GIVEN DATA section start

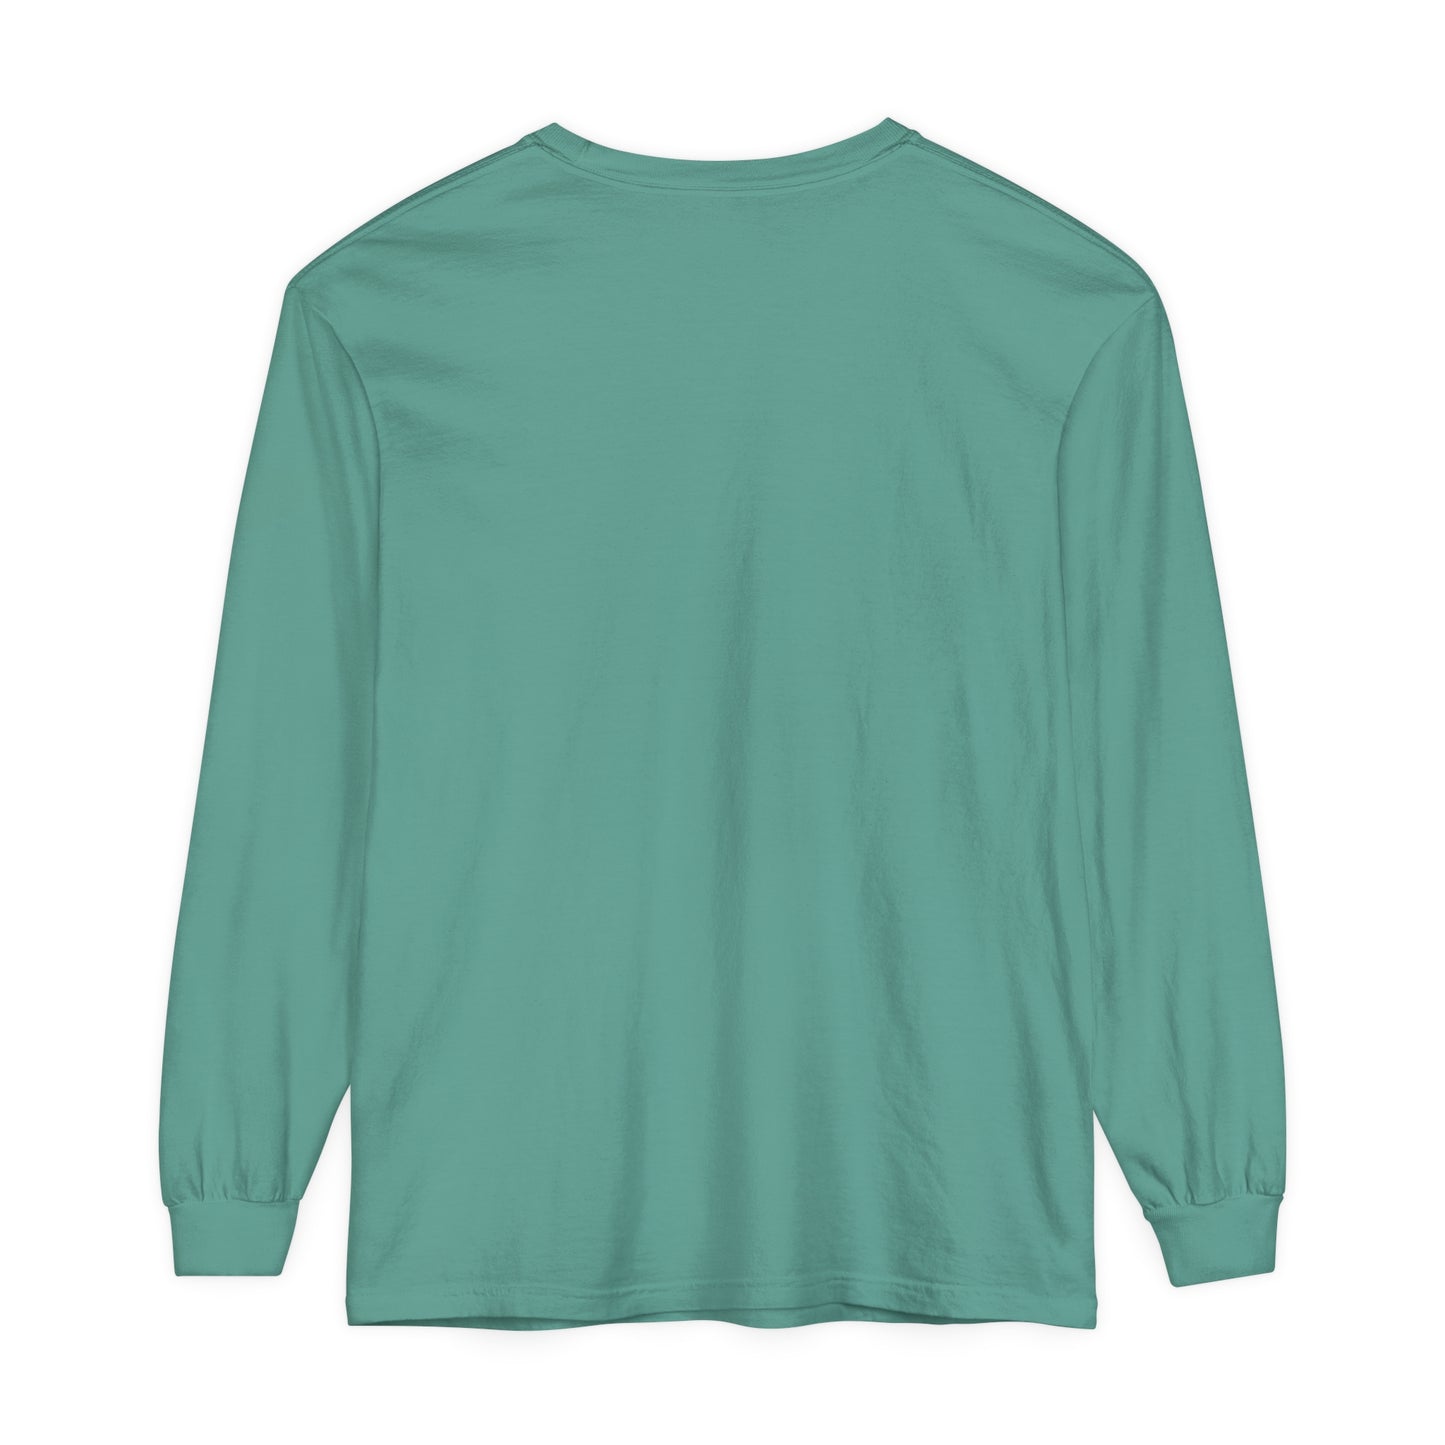 Mint long sleeve shirt with Logo in the middle• მენთოლის ფერი გრძელმკლავიანი მაისური ცენტრში ლოგოთი (UNISEX)
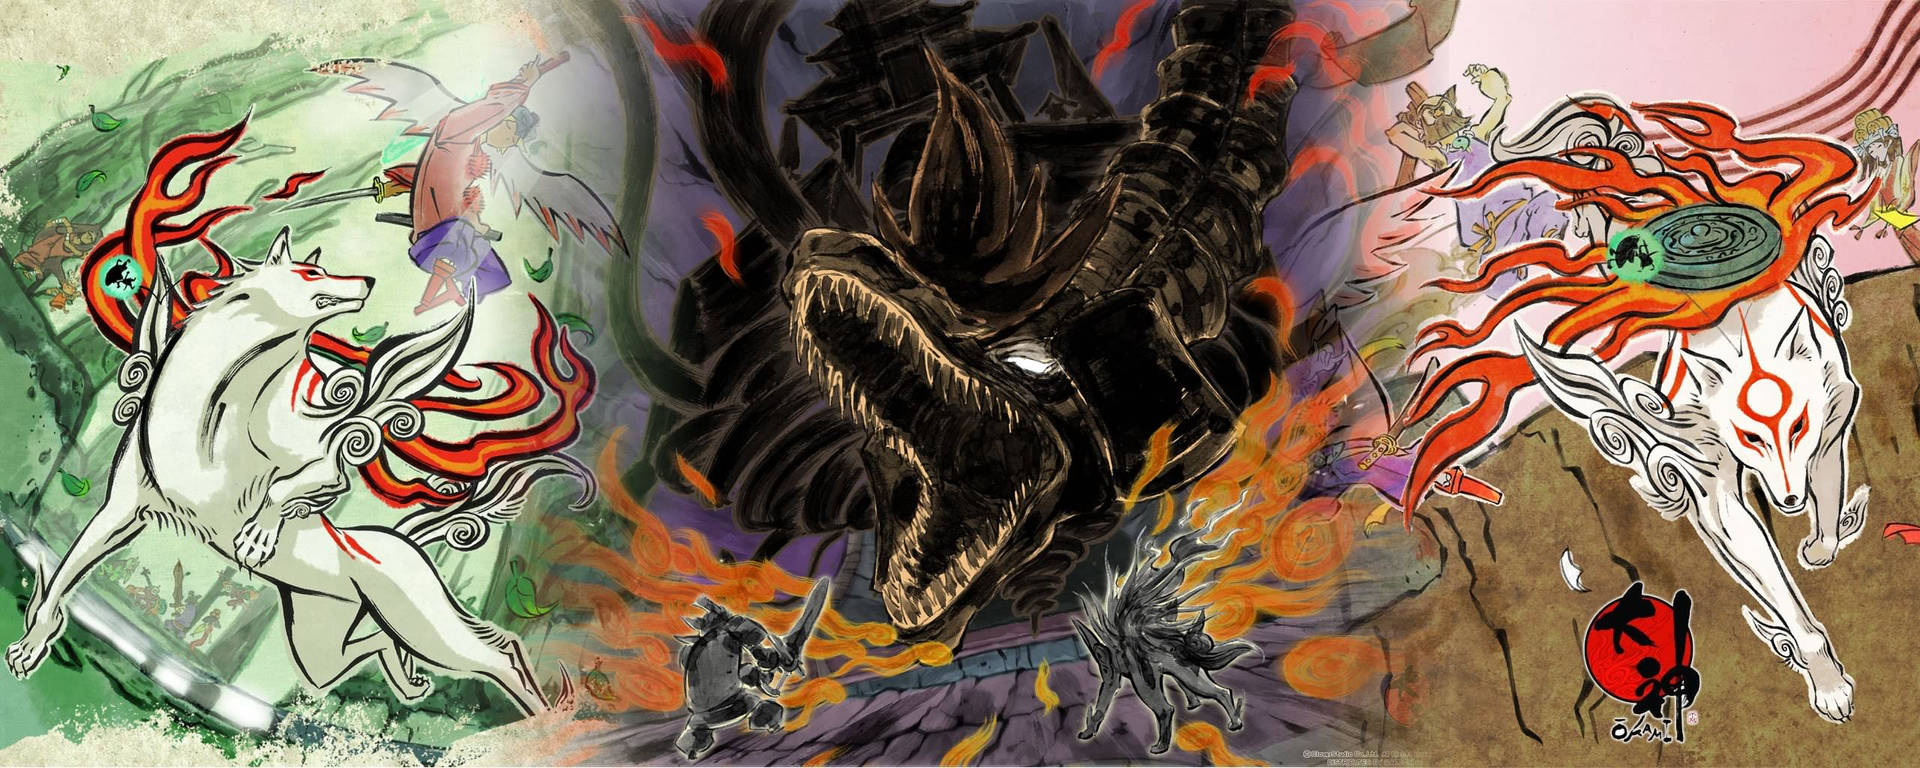 Okami Vs Black Dragon
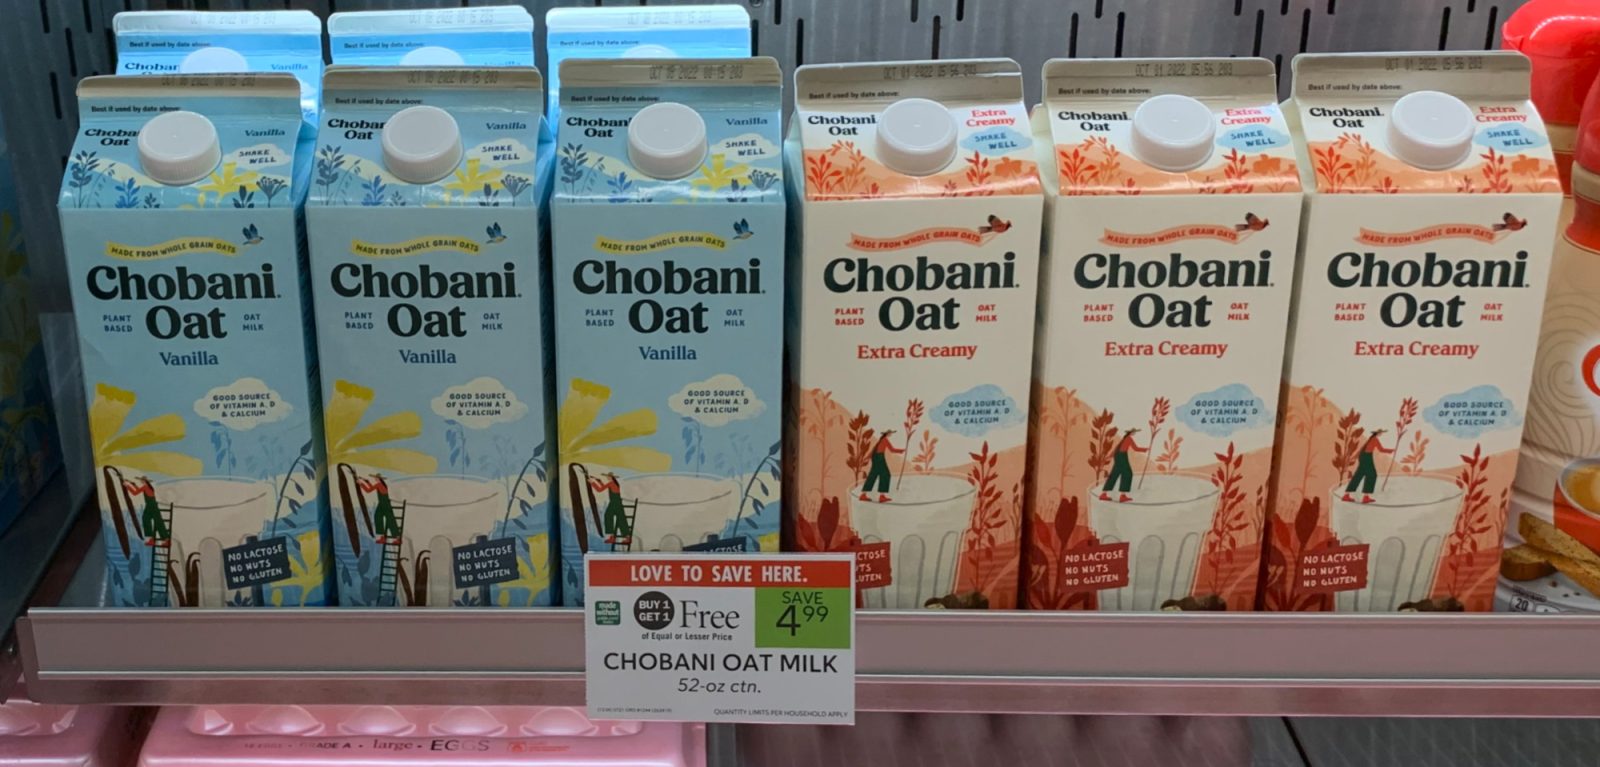 Chobani Oat Milk Just 1.25 At Publix iHeartPublix

GIVEN DATA section end

REQUIREMENT>
From the first line to the last, copy the listing above exactly and leave out the images.

RESULT>
 Mint long sleeve shirt with Logo in the middle• მენთოლის ფერი გრძელმკლავიანი მაისური ცენტრში ლოგოთი (UNISEX)
 Okami Vs Black Dragon
 Chobani Oat Milk Just 1.25 At Publix iHeartPublix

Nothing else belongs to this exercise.